Given the specifications $\alpha_p=3 \mathrm{~dB} ; \alpha_s=16 \mathrm{~dB} ; f_p=1 \mathrm{KH}_2$ and $f_s=2 \mathrm{KHz}$. Determine the order of the filter using the Chebyshev approximation. Find $H(s)$.

Solution:

From the given data we can find,

$ \begin{aligned} & \Omega_p=2 \pi \times 1000 \mathrm{~Hz}=2000 \pi \mathrm{rad} / \mathrm{sec} \\ & \Omega_s=2 \pi \times 2000 \mathrm{~Hz}=4000 \pi \mathrm{rad} / \mathrm{sec} \end{aligned} $

Step: 1

$ \begin{aligned} N \geq \frac{\cosh ^{-1} \sqrt{\frac{10^{0.1 \alpha_s}-1}{10^{0.1 \alpha_p}-1}}}{\cosh ^{-1} \frac{\Omega_s}{\Omega_p}} & =\cosh ^{-1} \frac{\sqrt{\frac{10^{1.6}-1}{10^{0.3}-1}}}{\cosh ^{-1} \frac{4000 \pi}{2000 \pi}} \\ & =1.91 \end{aligned} $

Step 2: Rounding N to the next higher value we get $N=2$.

For N even, the oscillatory curve starts from $\frac{1}{\sqrt{1+\varepsilon^2}}$.

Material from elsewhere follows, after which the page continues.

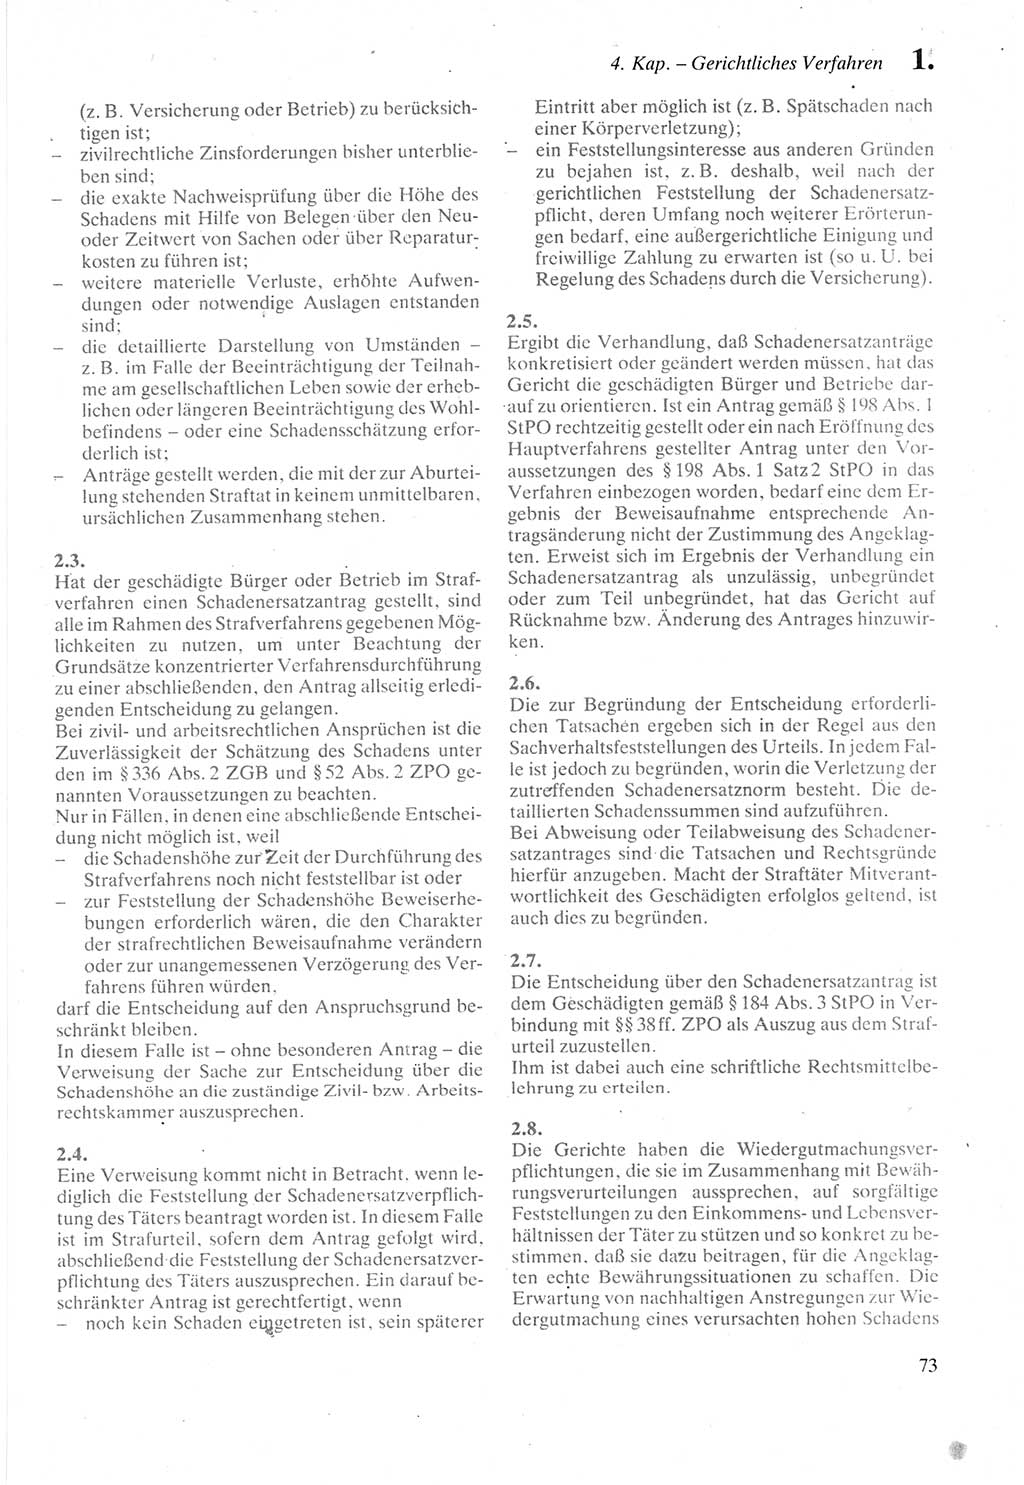 Strafprozeßordnung (StPO) der Deutschen Demokratischen Republik (DDR) sowie angrenzende Gesetze und Bestimmungen 1987, Seite 73 (StPO DDR Ges. Best. 1987, S. 73)
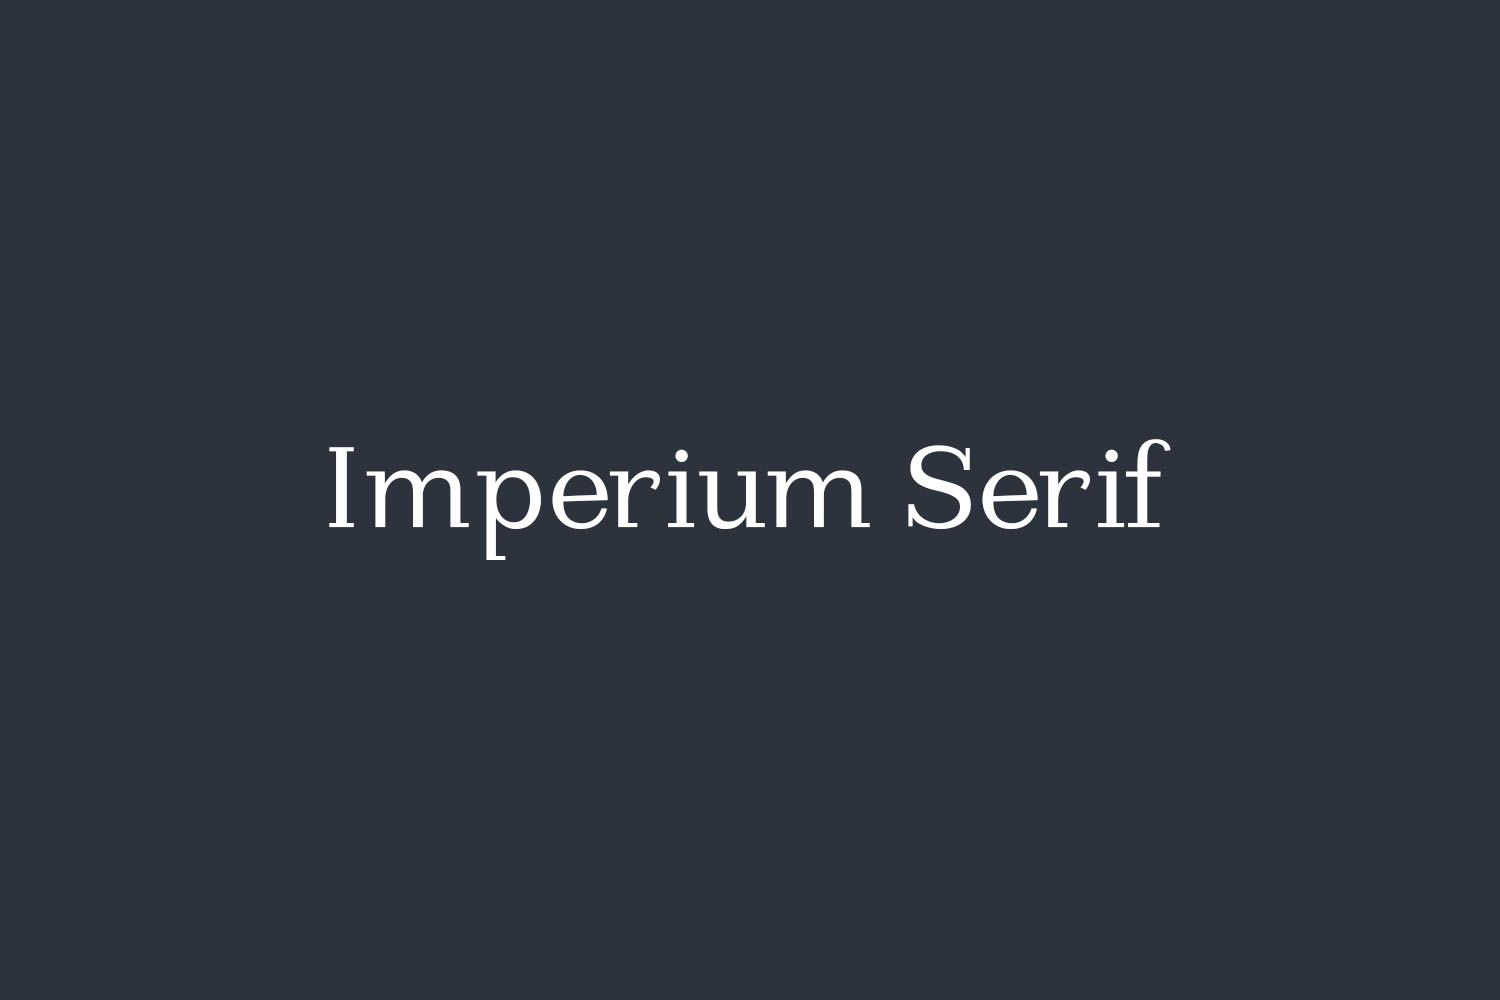 Imperium Serif Free Font

Step 3: The values of the minor axis and major axis can be found below,

$ \begin{aligned} & \varepsilon=\left(10^{0.1 \alpha_p}-1\right)^{0.5}=\left(10^{0.3}-1\right)^{0.5}=1 \\\\ & \mu=\varepsilon^{-1}+\sqrt{1+\varepsilon^{-2}}=2.414 \\\\ & a=\Omega_p \frac{\left[\mu^{1 / N}-\mu^{-1 / N}\right]}{2}=2000 \pi \frac{\left[(2.414)^{1 / 2}-(2.414)^{-1 / 2}\right]}{2}=910 \pi \\\\ & b=\Omega_p \frac{\left[\mu^{1 / N}+\mu^{-1 / N}\right]}{2}=2000 \pi \frac{\left[(2.414)^{1 / 2}+(2.414)^{-1 / 2}\right]}{2}=2197 \pi\\ \end{aligned} $

$ \begin{aligned} s_k & =a \cos \phi_k+j b \sin \phi_k, \quad k=1,2 \\\\ \phi_k & =\frac{\pi}{2}+\frac{(2 k-1) \pi}{2 N} \quad k=1,2 \\\\ \phi_1 & =\frac{\pi}{2}+\frac{\pi}{4}=135^{\circ} \\\\ \phi_2 & =\frac{\pi}{2}+\frac{3 \pi}{4}=225^{\circ} \\\\ s_1 & =a \cos \phi_1+j b \sin \phi_1=-643.46 \pi+j 1554 \pi \\\\ s_2 & =a \cos \phi_2+j b \sin \phi_2=-643.46 \pi-j 1554 \pi\\ \end{aligned}\\ $

Step 5:

The denominator of $H(s)=(s+643.46 \pi)^2+(1554 \pi)^2$

Step 6:

The numerator of $H(s)=\frac{(643.46 \pi)^2+(1554 \pi)^2}{\sqrt{1+\varepsilon^2}}=(1414.38)^2 \pi^2$

The transfer function $H(s)=\frac{(1414.38)^2 \pi^2}{s^2+1287 \pi s+(1682)^2 \pi^2}$.